Tout cela est très encourageant donc, surtout qu'a à mi-chemin, Views vire soudainement dancehall, apportant une certaine fraicheur à un disque qui commençait à tourner en rond. L’enchainement « Controlla/One Dance » incarne alors le Drake nouveau, celui qui casse les internets avec « Hotline Bling » et ses pas de danse WTF, celui qui squatte les sommets du Billboard avec Riri et son « wowowowork », celui qui flirte plus que jamais avec la pop radio-friendly (on va bouffer du « One Dance » tout l’été…). Mais qu'on soit clairs, ce n’est surement pas ça qui va sauver Views et lui permettra de dérocher le statut de classique – le « Too Good » en mode 'playa - piña colada - Rihanna' sera certainement un énième succès commercial mais n’apporte absolument rien à l’appréciation globale du projet, de même pour le titre avec le protégé PARTYNEXTDOOR.

Avec autant d’atmosphères différentes retranscrites sur un même disque, où se situe ce quatrième LP dans la discographie de Drake ? La réponse définitive viendra surement au bout de quelques mois d’écoutes. Néanmoins, on peut déjà dire qu’avec ce nouvel album, le Canadien ne fait pas mieux que Nothing Was The Same ou que Take Care. On a même l'impression que son projet pris dans sa globalité arrive à saturation, que Drake a atteint l'ultime stade de sa mutation - et dieu sait qu'il vient de loin.

En réalité, le problème de Views vient du fait que son interprète n’ose pas prendre le risque de privilégier ne serait-ce qu'une seule des nombreuses ambiances qui façonnent l’album. Sans prise de risque manifeste, l’ensemble sonne creux, alors qu'on aurait aimé voir davantage de pistes comme « Keep The Family Close » et « Summers Over Interlude » qui, portées par un orchestre symphonique bluffant, donnent un véritable souffle à une tracklist kilométrique et finalement plus prévisible qu'un championnat de Ligue 1. Au final, Drake semble ne plus savoir quoi faire de ce LP qui devait pourtant être son album signature, celui qui le rendrait définitivement intouchable.

Et tandis que les carrières de Kendrick Lamar et J. Cole suivent une progression exponentielle, le Canadien semble le premier des trois princes du rap a être lâché par le peloton en pleine ascension du Tourmalet.

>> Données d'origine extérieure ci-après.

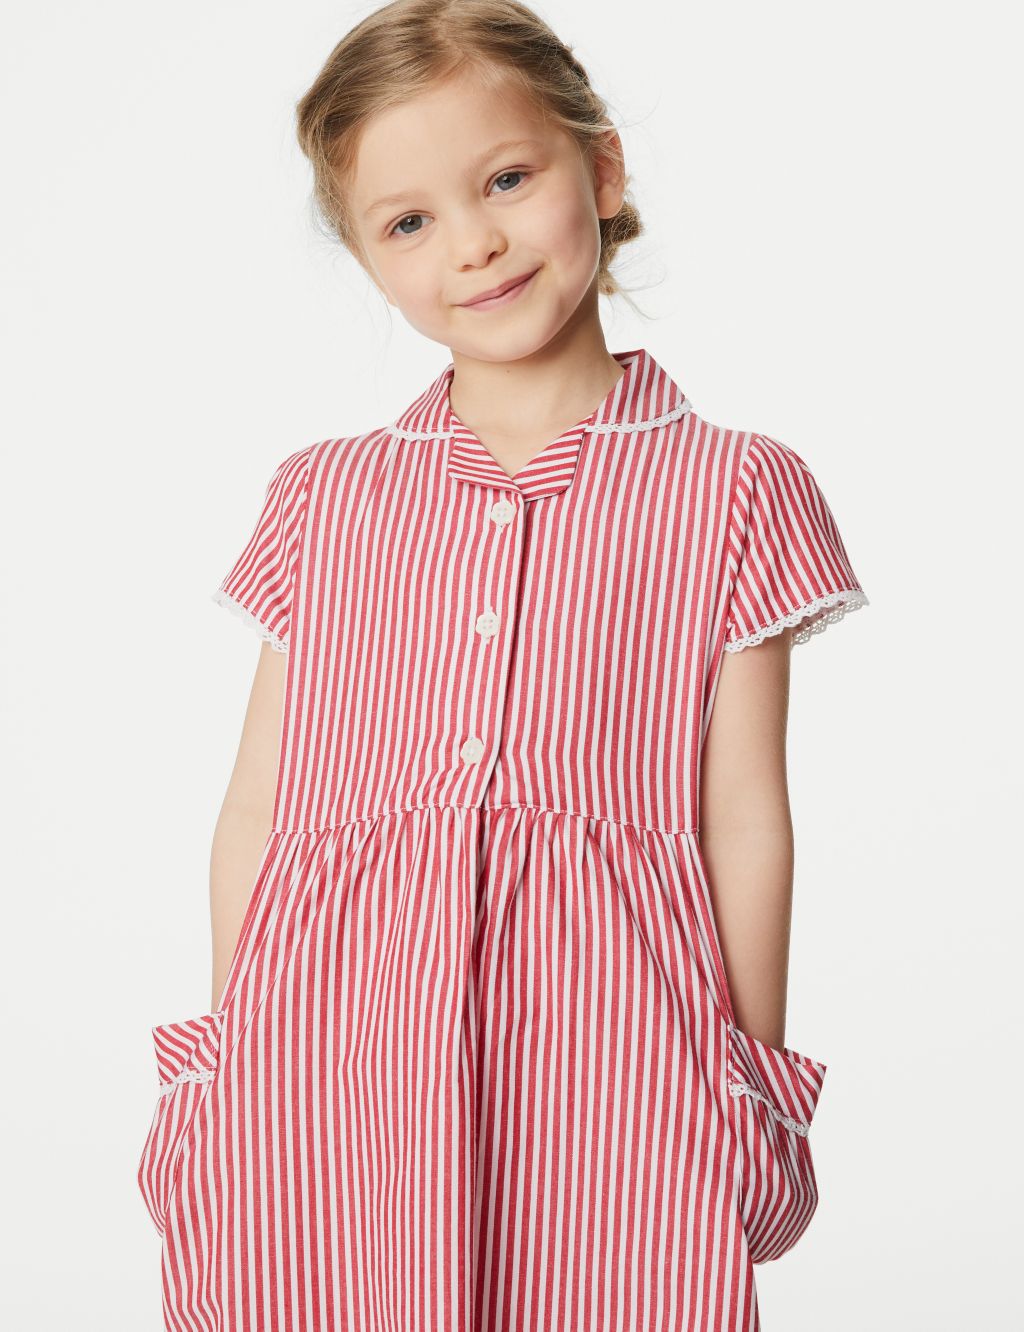 Girls' Pure Cotton Striped School Dress (2-14 Yrs) image 2
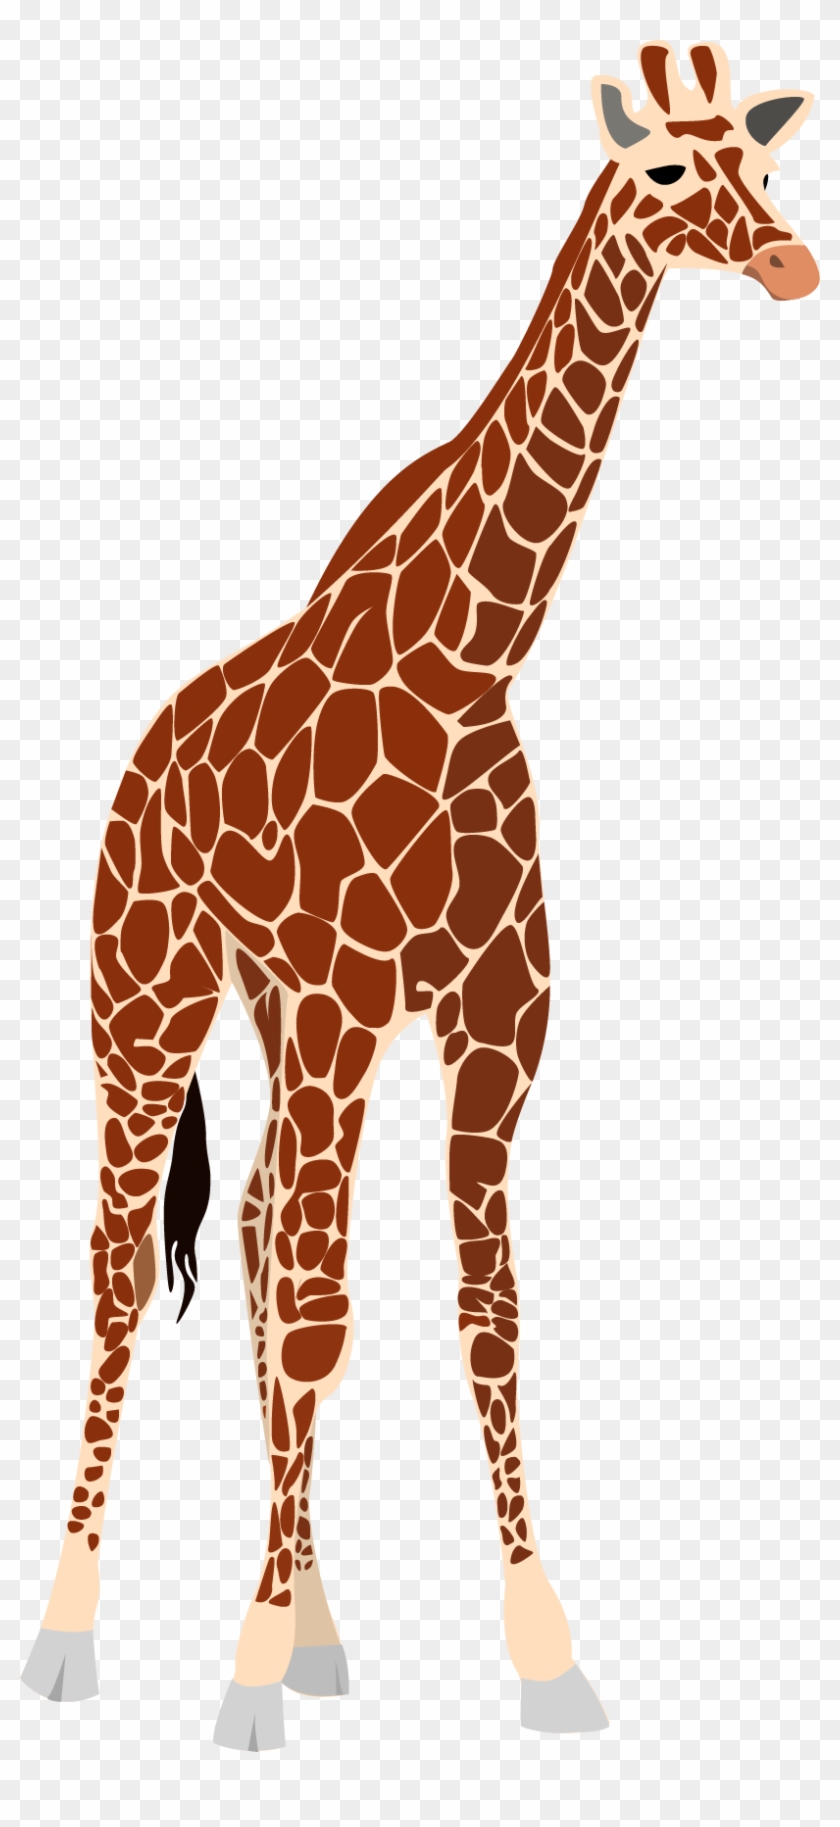 Vector Clipart Giraffe - Giraffe Free Vector #918838

Qu’on soit rassurés, Drake n’est pas prêt de rejoindre le grupetto ou d'aller poser son cul dans la voiture-balai. C'est juste que Views n'est rien de plus qu'un bon petit album avec ses hauts (« Keep The Family Close », « Hype », « Fire & Desire ») et ses bas (« With You », « Too Good », « Still Here »). Mais voilà, quand on essaie de nous vendre un disque comme le nouveau Blueprint, on a la droit de se sentir floués.